**Required work:** Please output the listing that follows exactly, but keep all images out.

**Supplied material:**

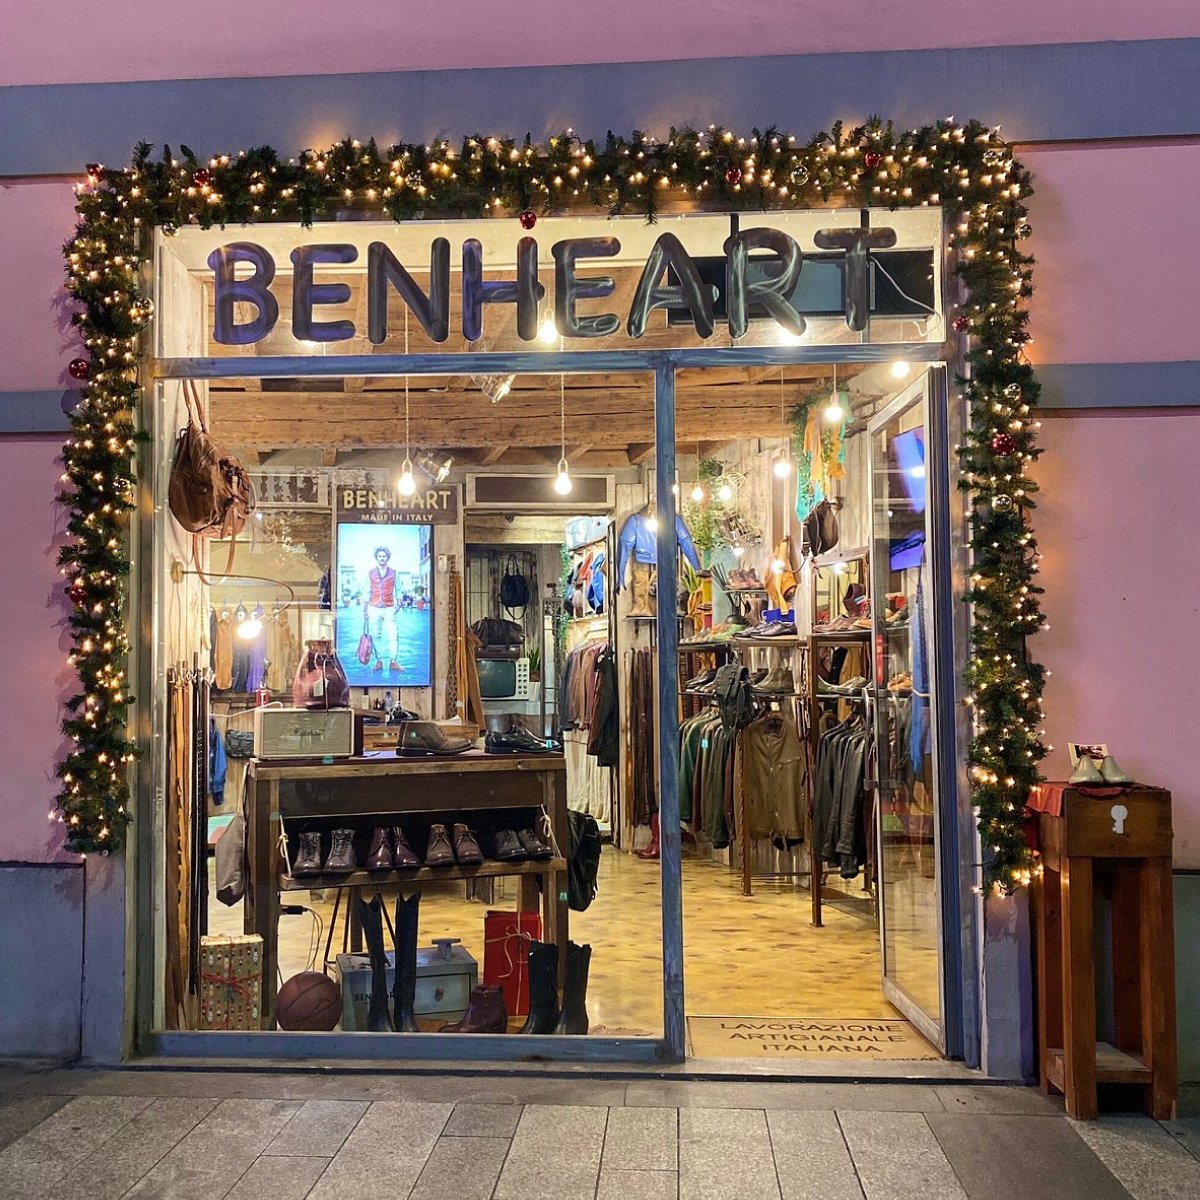 Discover the art of Italian craftsmanship at Benheart boutiques! Witness the magic of crafting custom belts and explore a collection of other exquisite leather products. Meticulously handmade in Italy with premium materials.
.
#ItalianCraftsmanship #HandmadeInItaly

**Task result:**
 Discover the art of Italian craftsmanship at Benheart boutiques! Witness the magic of crafting custom belts and explore a collection of other exquisite leather products. Meticulously handmade in Italy with premium materials.
.
#ItalianCraftsmanship #HandmadeInItaly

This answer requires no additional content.